P.S. I'll also note that v0.14 and v1.10 don't have compatible indices, which can also cause a segfault. You should make sure that the index was generated with the version of salmon with which you are attempting to quantify.
--Rob
Hi Rob,
Thanks for your reply. When I run salmon --version I get this:
<jemalloc>: MADV_DONTNEED does not work (memset will be used instead)
<jemalloc>: (This is the expected behaviour if you are running under QEMU)
salmon 1.10.2
I'm running the script using Nextflow in a Docker container. However whether I run the script locally, within Nextflow or on a HPC cluster, it weirdly runs using salmon v0.14.1 (despite me specifying in my environment.yml file to use 1.10.2) and gives the same error. I also installed Salmon through a bioconda channel, not sure if that has any impact.
On your last point - I haven't noticed different versions being used but I'll look out for this.
Hi @astrdhr,
Ok, so the difference between the version you get on the command line, versus the version you get when you actually attempt to run your script to process your data, is certainly a point of concern. In general, the behavior you are seeing during runtime seems like it may be an artifact of not having a compatible index.
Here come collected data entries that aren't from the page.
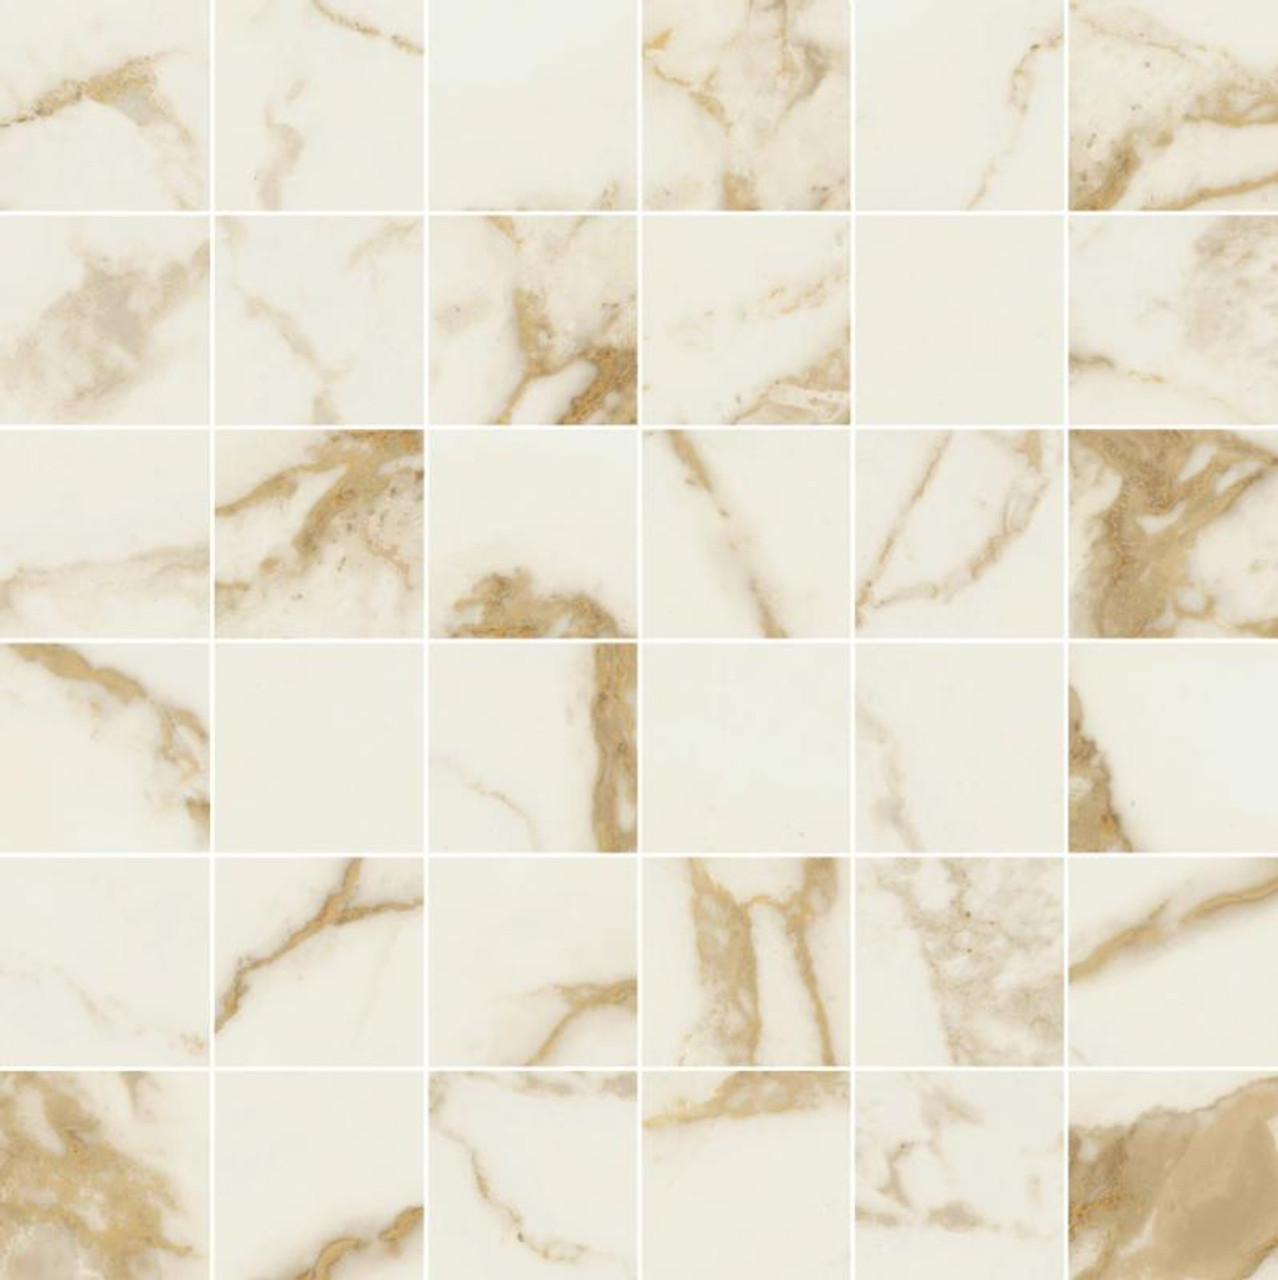 Calacatta Gold Basket Pattern Mosaic Tile  Online Tile Store with Free  Shipping on Qualifying Orders
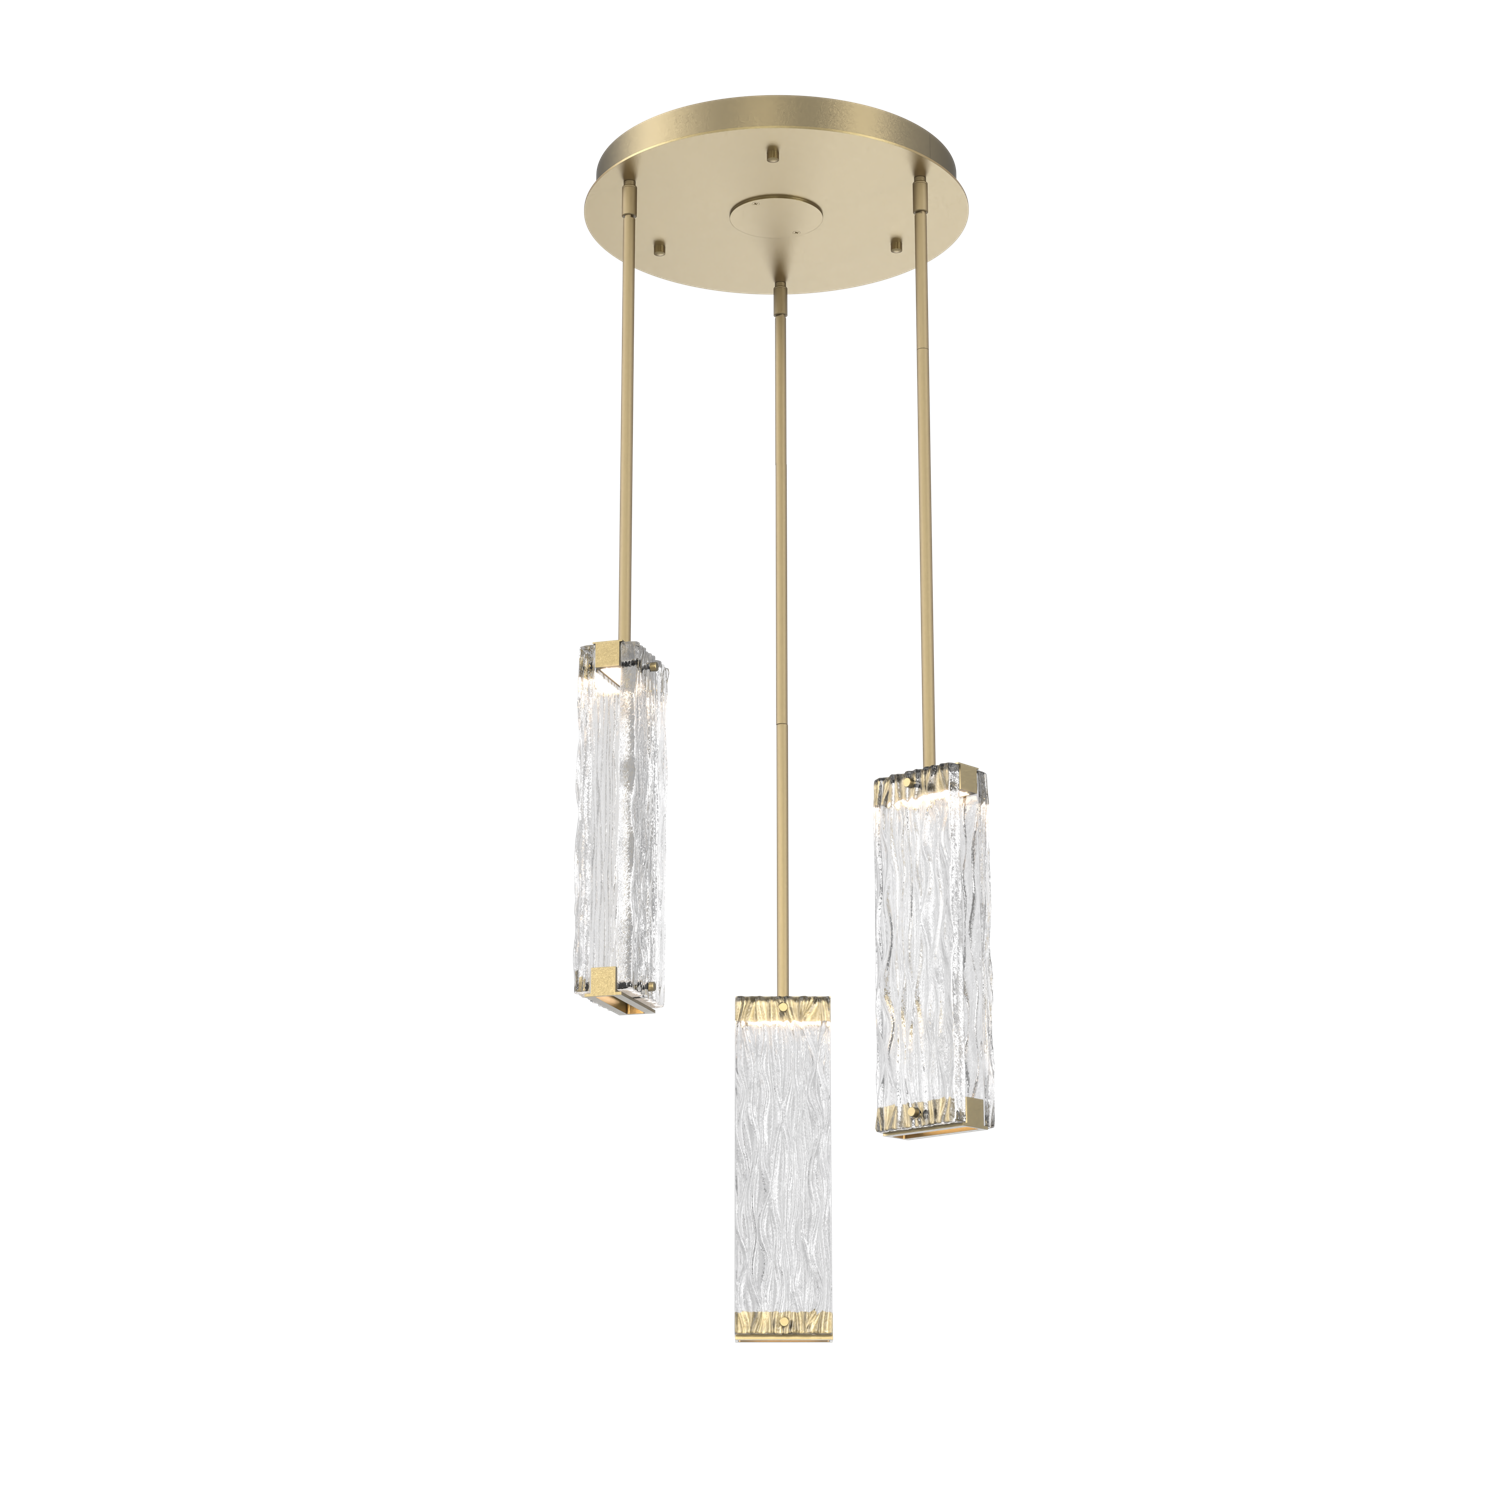 CHB0090-03-GB-TT-Hammerton-Studio-Tabulo-3-light-multi-pendant-chandelier-with-gilded-brass-finish-and-clear-tidal-cast-glass-shade-and-LED-lamping
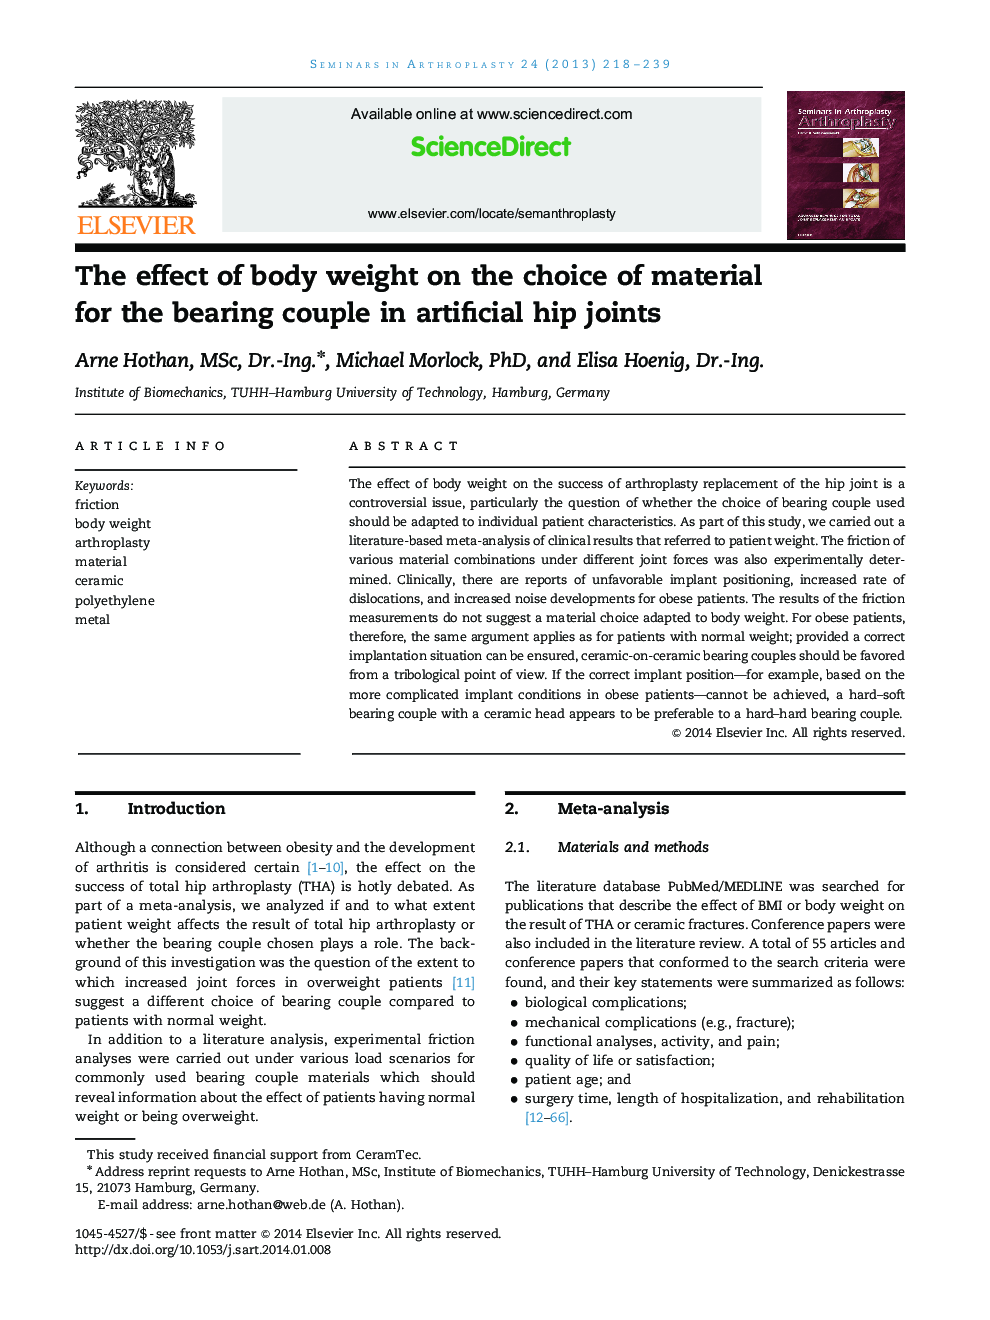 The effect of body weight on the choice of material for the bearing couple in artificial hip joints 
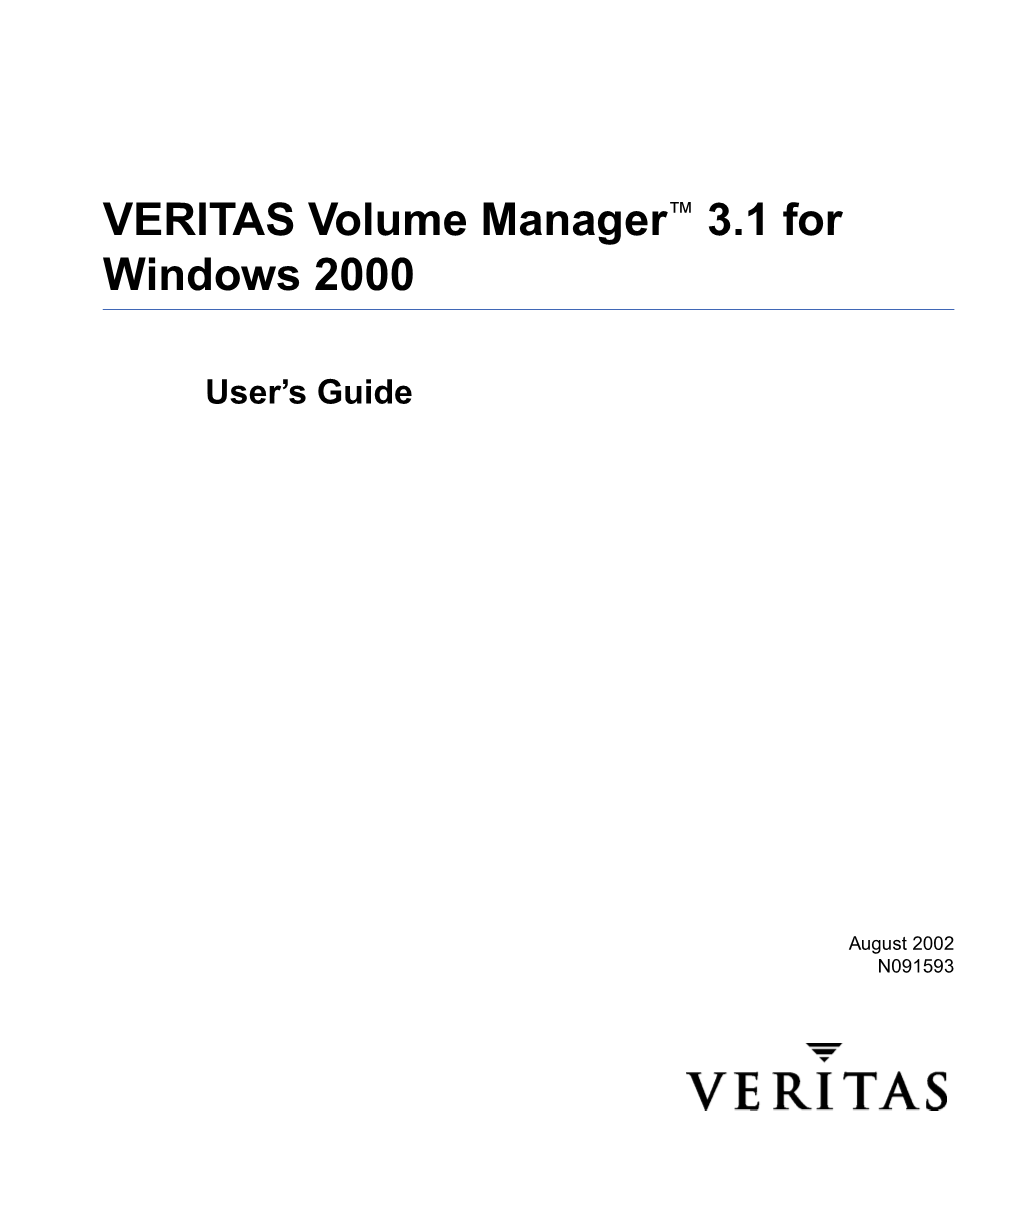 Volume Manager 3.1 for Windows 2000 User's Guide

Is it possible for you to do a "test run" outside of the Nextflow script? Since you are getting v1.10.2 locally, and this version should work without segmentation fault, that would at least let us narrow the issue down to different versions of salmon being invoked at different stages of the pipeline. At that point, it may be a Nextflow / nf-core issue, but those folks are great and will be able to help in a jiffy!
--Rob
Hi @rob-p,
I think I have figured out the issue. It seems like there's a dependency conflict with the ICU (international components for unicode) package between Salmon and R. It's been mentioned in this issue as well: #594. I cannot have both the newest version of R and Salmon in the same environment.
For context I've been installing Salmon>=1.10.1 through the bioconda channel, and base-r>=4.3.2 through conda-forge. Whenever I have R in the same environment, Salmon defaults to v0.14.1 during use (but the newest version when on the command line). If I remove R, Salmon defaults to the newest version during use and on the command line and works as normal.